On 03/31/2015 03:00 AM, FUJIWARA Katsunori wrote:
> At Mon, 30 Mar 2015 15:13:41 -0700,
> Pierre-Yves David wrote:
>>
>>
>>
>> On 03/29/2015 11:34 AM, FUJIWARA Katsunori wrote:
>>> # HG changeset patch
>>> # User FUJIWARA Katsunori <foozy@lares.dti.ne.jp>
>>> # Date 1427653752 -32400
>>> #      Mon Mar 30 03:29:12 2015 +0900
>>> # Node ID ce47b26e3c0d6104b5bfb2d15e59b5a2af573956
>>> # Parent  5070134e83f1a46a55f74e6e6dce6ebd75a5eee9
>>> context: enhance findbyhash for partial hash ID
>>>
>>> Before this patch, there is no easy way to examine existence of the
>>> revision by partial hash ID strictly.
>>>
>>> "hashid in repo" may match against bookmarks, tags and so on.
>>>
>>> This patch factors out the logic for it in "changectx.__init__()" and
>>> enhance "findbyhash()" with it, to avoid duplication of similar code.
>>>
>>> This is a preparation to fix equivalence problem of revset predicate
>>> "id()".
>>>
>>> diff --git a/mercurial/context.py b/mercurial/context.py
>>> --- a/mercurial/context.py
>>> +++ b/mercurial/context.py
>>> @@ -426,6 +426,12 @@ def _findby40hash(repo, changeid):
>>>        except (TypeError, LookupError):
>>>            return None
>>>
>>> +def _findbypartialhash(repo, changeid):
>>> +    node = repo.unfiltered().changelog._partialmatch(changeid)
>>> +    if node is not None:
>>> +        return (node, repo.changelog.rev(node))
>>> +    return None
>>> +
>>>    def findbyhash(repo, hashid, abort=False):
>>>        """Find the revision by hash ID
>>>
>>> @@ -443,8 +449,12 @@ def findbyhash(repo, hashid, abort=False
>>>        branches and so on.
>>>        """
>>>        assert isinstance(hashid, str)
>>> -    assert len(hashid) == 40
>>> -    return _wraplookup(_findby40hash, repo, hashid, abort)
>>> +    assert len(hashid) <= 40
>>> +    if len(hashid) == 40:
>>> +        lookupfunc = _findby40hash
>>> +    else:
>>> +        lookupfunc = _findbypartialhash
>>
>> Why are we not using _partialmatch in all case ?.
>
> Because "revlog.rev()" is more efficient than "revlog._partialmatch()"
> for 40 letter hash ID, which doesn't have any ambiguity.
>
> According to revlog implementation, "revlog._partialmatch()" implies
> both "revlog.index.partialmatch()" and "revlog.rev()" (via
> "revlog.hasnode()"), if specified id is valid.
>
> Even if C implementation of "index.partialmatch()" is much faster than
> "revlog.rev()", it is just overhead of "revlog._partialmatch()" at
> comparison with "revlog.rev()".
>
> Do I overlook any reasons (perhaps, around C implementation) to have
> to use "revlog._partialmatch()" in both cases ?
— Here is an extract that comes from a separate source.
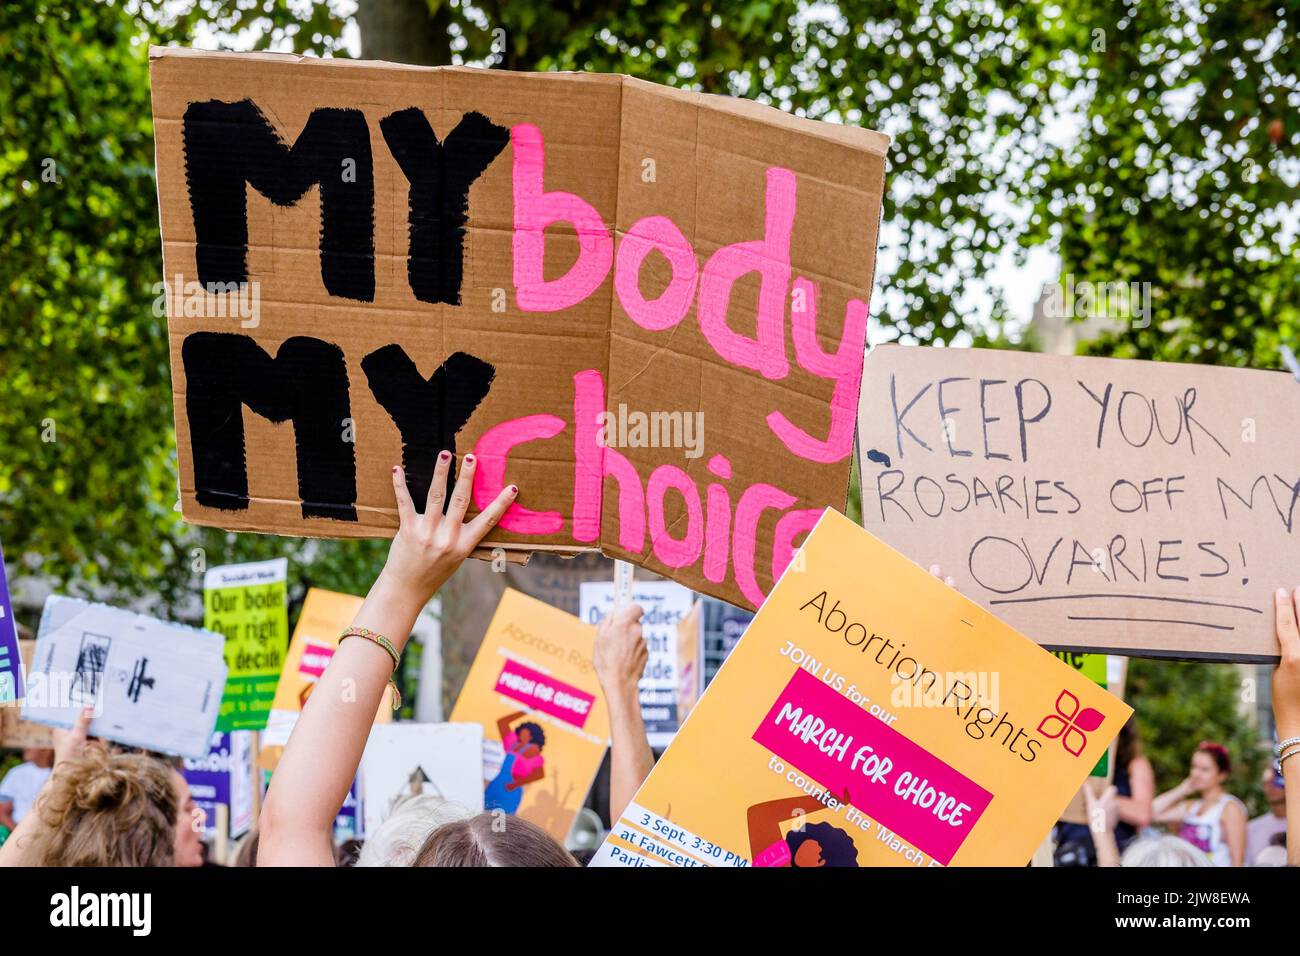 London, UK. 3 September 2022.  Pro-choice abortion campaigners display messaging of women's rights to choose during a March for Choice rally in Parliament Square in opposition to a rally also being held by anti-abortion campaign groups. Stock Photo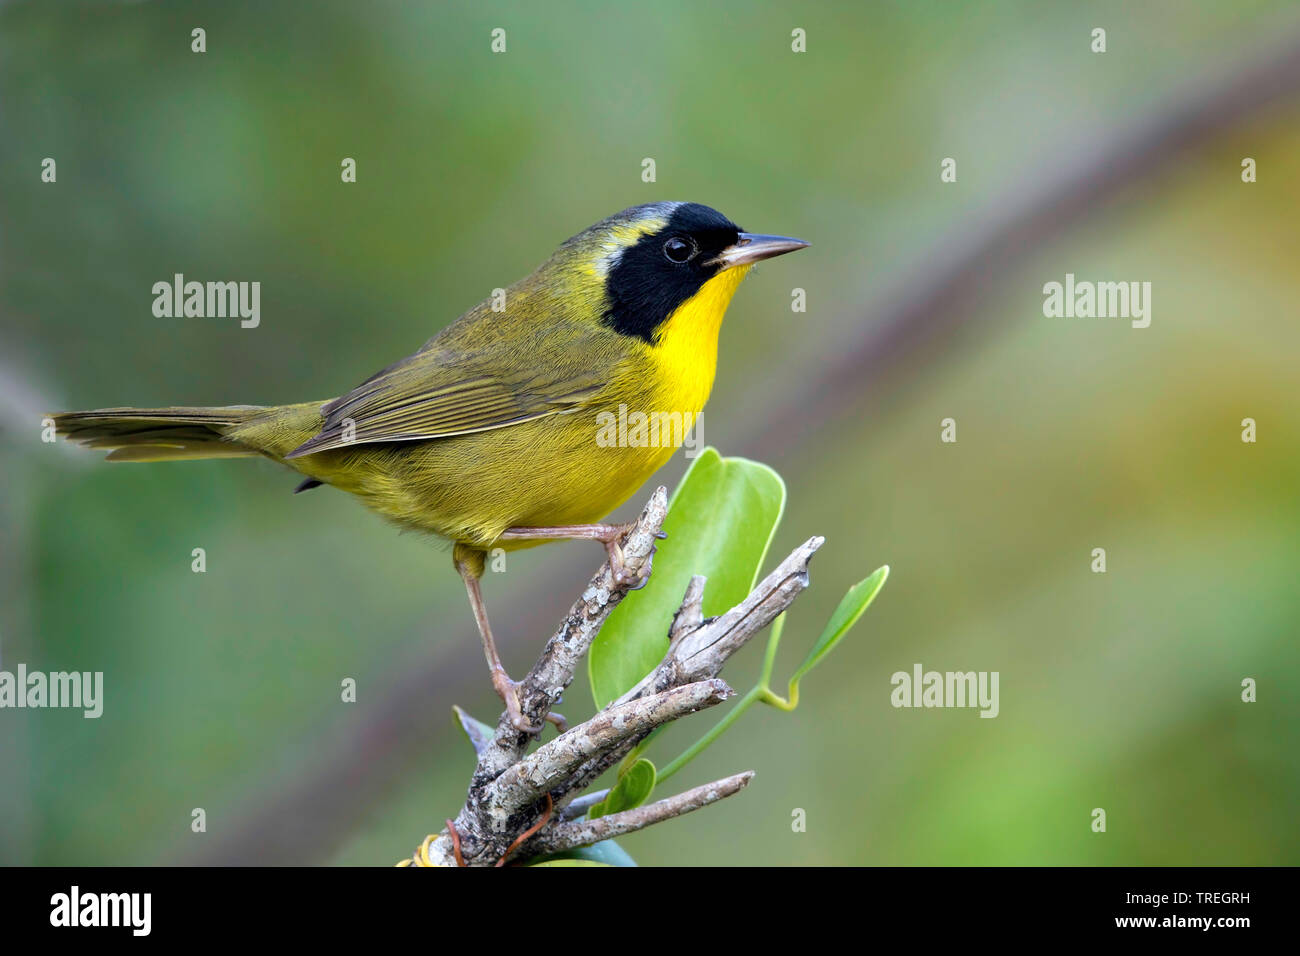 bahama yellowthroat (Geothlypis rostrata), is a resident breeder and endemic to the Bahamas., The Bahamas Stock Photo

It does not seems so, this reply is can probably be reduced to an inline 
comment explaining this.

Patch

diff --git a/mercurial/context.py b/mercurial/context.py
--- a/mercurial/context.py
+++ b/mercurial/context.py
@@ -426,6 +426,12 @@  def _findby40hash(repo, changeid):
     except (TypeError, LookupError):
         return None
 
+def _findbypartialhash(repo, changeid):
+    node = repo.unfiltered().changelog._partialmatch(changeid)
+    if node is not None:
+        return (node, repo.changelog.rev(node))
+    return None
+
 def findbyhash(repo, hashid, abort=False):
     """Find the revision by hash ID
 
@@ -443,8 +449,12 @@  def findbyhash(repo, hashid, abort=False
     branches and so on.
     """
     assert isinstance(hashid, str)
-    assert len(hashid) == 40
-    return _wraplookup(_findby40hash, repo, hashid, abort)
+    assert len(hashid) <= 40
+    if len(hashid) == 40:
+        lookupfunc = _findby40hash
+    else:
+        lookupfunc = _findbypartialhash
+    return _wraplookup(lookupfunc, repo, hashid, abort)
 
 class changectx(basectx):
     """A changecontext object makes access to data related to a particular
@@ -528,9 +538,9 @@  class changectx(basectx):
             except error.RepoLookupError:
                 pass
 
-            self._node = repo.unfiltered().changelog._partialmatch(changeid)
-            if self._node is not None:
-                self._rev = repo.changelog.rev(self._node)
+            found = _findbypartialhash(repo, changeid)
+            if found:
+                self._node, self._rev = found
                 return
 
             # lookup failed